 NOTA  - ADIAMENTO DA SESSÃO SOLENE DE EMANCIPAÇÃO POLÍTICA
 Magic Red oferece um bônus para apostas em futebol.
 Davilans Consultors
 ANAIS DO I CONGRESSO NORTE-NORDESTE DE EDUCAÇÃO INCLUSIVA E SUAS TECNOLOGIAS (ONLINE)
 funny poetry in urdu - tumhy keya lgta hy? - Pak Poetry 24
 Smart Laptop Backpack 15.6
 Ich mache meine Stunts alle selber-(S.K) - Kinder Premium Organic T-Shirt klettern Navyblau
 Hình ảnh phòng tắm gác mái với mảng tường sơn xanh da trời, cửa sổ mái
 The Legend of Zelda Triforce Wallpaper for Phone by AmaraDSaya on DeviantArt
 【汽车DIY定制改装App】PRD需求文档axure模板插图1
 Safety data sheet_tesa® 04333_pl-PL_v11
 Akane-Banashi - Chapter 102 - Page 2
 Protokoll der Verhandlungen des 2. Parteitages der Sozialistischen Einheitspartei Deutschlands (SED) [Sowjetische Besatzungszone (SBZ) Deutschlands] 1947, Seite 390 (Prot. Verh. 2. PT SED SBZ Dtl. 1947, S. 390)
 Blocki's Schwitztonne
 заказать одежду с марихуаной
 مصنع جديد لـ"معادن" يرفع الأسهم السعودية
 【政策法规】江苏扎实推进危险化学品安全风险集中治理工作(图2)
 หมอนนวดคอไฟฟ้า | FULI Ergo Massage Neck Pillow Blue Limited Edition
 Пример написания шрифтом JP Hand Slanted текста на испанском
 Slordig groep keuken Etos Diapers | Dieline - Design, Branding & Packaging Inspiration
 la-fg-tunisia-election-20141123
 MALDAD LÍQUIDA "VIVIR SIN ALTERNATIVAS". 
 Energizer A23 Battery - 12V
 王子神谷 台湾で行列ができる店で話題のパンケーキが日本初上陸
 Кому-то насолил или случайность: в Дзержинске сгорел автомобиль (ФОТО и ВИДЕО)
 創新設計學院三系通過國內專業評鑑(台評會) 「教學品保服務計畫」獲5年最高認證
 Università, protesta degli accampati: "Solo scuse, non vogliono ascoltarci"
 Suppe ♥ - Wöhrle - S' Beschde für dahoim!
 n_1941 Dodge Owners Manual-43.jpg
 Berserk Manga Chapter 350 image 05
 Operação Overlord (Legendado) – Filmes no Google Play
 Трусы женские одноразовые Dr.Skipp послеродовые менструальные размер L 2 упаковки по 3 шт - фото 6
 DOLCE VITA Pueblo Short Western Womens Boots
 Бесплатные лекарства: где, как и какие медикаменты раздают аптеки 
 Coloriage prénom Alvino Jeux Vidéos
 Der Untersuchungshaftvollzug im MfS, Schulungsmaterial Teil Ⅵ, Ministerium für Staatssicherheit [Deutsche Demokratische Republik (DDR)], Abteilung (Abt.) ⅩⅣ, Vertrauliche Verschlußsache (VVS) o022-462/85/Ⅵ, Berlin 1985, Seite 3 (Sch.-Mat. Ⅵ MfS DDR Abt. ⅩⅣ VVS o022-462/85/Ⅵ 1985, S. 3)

### WHAT YOU NEED TO DO
Could you write out the material above exactly as it appears?

### EXERCISE RESULT
 NOTA  - ADIAMENTO DA SESSÃO SOLENE DE EMANCIPAÇÃO POLÍTICA
 Magic Red oferece um bônus para apostas em futebol.
 Davilans Consultors
 ANAIS DO I CONGRESSO NORTE-NORDESTE DE EDUCAÇÃO INCLUSIVA E SUAS TECNOLOGIAS (ONLINE)
 funny poetry in urdu - tumhy keya lgta hy? - Pak Poetry 24
 Smart Laptop Backpack 15.6
 Ich mache meine Stunts alle selber-(S.K) - Kinder Premium Organic T-Shirt klettern Navyblau
 Hình ảnh phòng tắm gác mái với mảng tường sơn xanh da trời, cửa sổ mái
 The Legend of Zelda Triforce Wallpaper for Phone by AmaraDSaya on DeviantArt
 【汽车DIY定制改装App】PRD需求文档axure模板插图1
 Safety data sheet_tesa® 04333_pl-PL_v11
 Akane-Banashi - Chapter 102 - Page 2
 Protokoll der Verhandlungen des 2. Parteitages der Sozialistischen Einheitspartei Deutschlands (SED) [Sowjetische Besatzungszone (SBZ) Deutschlands] 1947, Seite 390 (Prot. Verh. 2. PT SED SBZ Dtl. 1947, S. 390)
 Blocki's Schwitztonne
 заказать одежду с марихуаной
 مصنع جديد لـ"معادن" يرفع الأسهم السعودية
 【政策法规】江苏扎实推进危险化学品安全风险集中治理工作(图2)
 หมอนนวดคอไฟฟ้า | FULI Ergo Massage Neck Pillow Blue Limited Edition
 Пример написания шрифтом JP Hand Slanted текста на испанском
 Slordig groep keuken Etos Diapers | Dieline - Design, Branding & Packaging Inspiration
 la-fg-tunisia-election-20141123
 MALDAD LÍQUIDA "VIVIR SIN ALTERNATIVAS". 
 Energizer A23 Battery - 12V
 王子神谷 台湾で行列ができる店で話題のパンケーキが日本初上陸
 Кому-то насолил или случайность: в Дзержинске сгорел автомобиль (ФОТО и ВИДЕО)
 創新設計學院三系通過國內專業評鑑(台評會) 「教學品保服務計畫」獲5年最高認證
 Università, protesta degli accampati: "Solo scuse, non vogliono ascoltarci"
 Suppe ♥ - Wöhrle - S' Beschde für dahoim!
 n_1941 Dodge Owners Manual-43.jpg
 Berserk Manga Chapter 350 image 05
 Operação Overlord (Legendado) – Filmes no Google Play
 Трусы женские одноразовые Dr.Skipp послеродовые менструальные размер L 2 упаковки по 3 шт - фото 6
 DOLCE VITA Pueblo Short Western Womens Boots
 Бесплатные лекарства: где, как и какие медикаменты раздают аптеки 
 Coloriage prénom Alvino Jeux Vidéos
 Der Untersuchungshaftvollzug im MfS, Schulungsmaterial Teil Ⅵ, Ministerium für Staatssicherheit [Deutsche Demokratische Republik (DDR)], Abteilung (Abt.) ⅩⅣ, Vertrauliche Verschlußsache (VVS) o022-462/85/Ⅵ, Berlin 1985, Seite 3 (Sch.-Mat. Ⅵ MfS DDR Abt. ⅩⅣ VVS o022-462/85/Ⅵ 1985, S. 3)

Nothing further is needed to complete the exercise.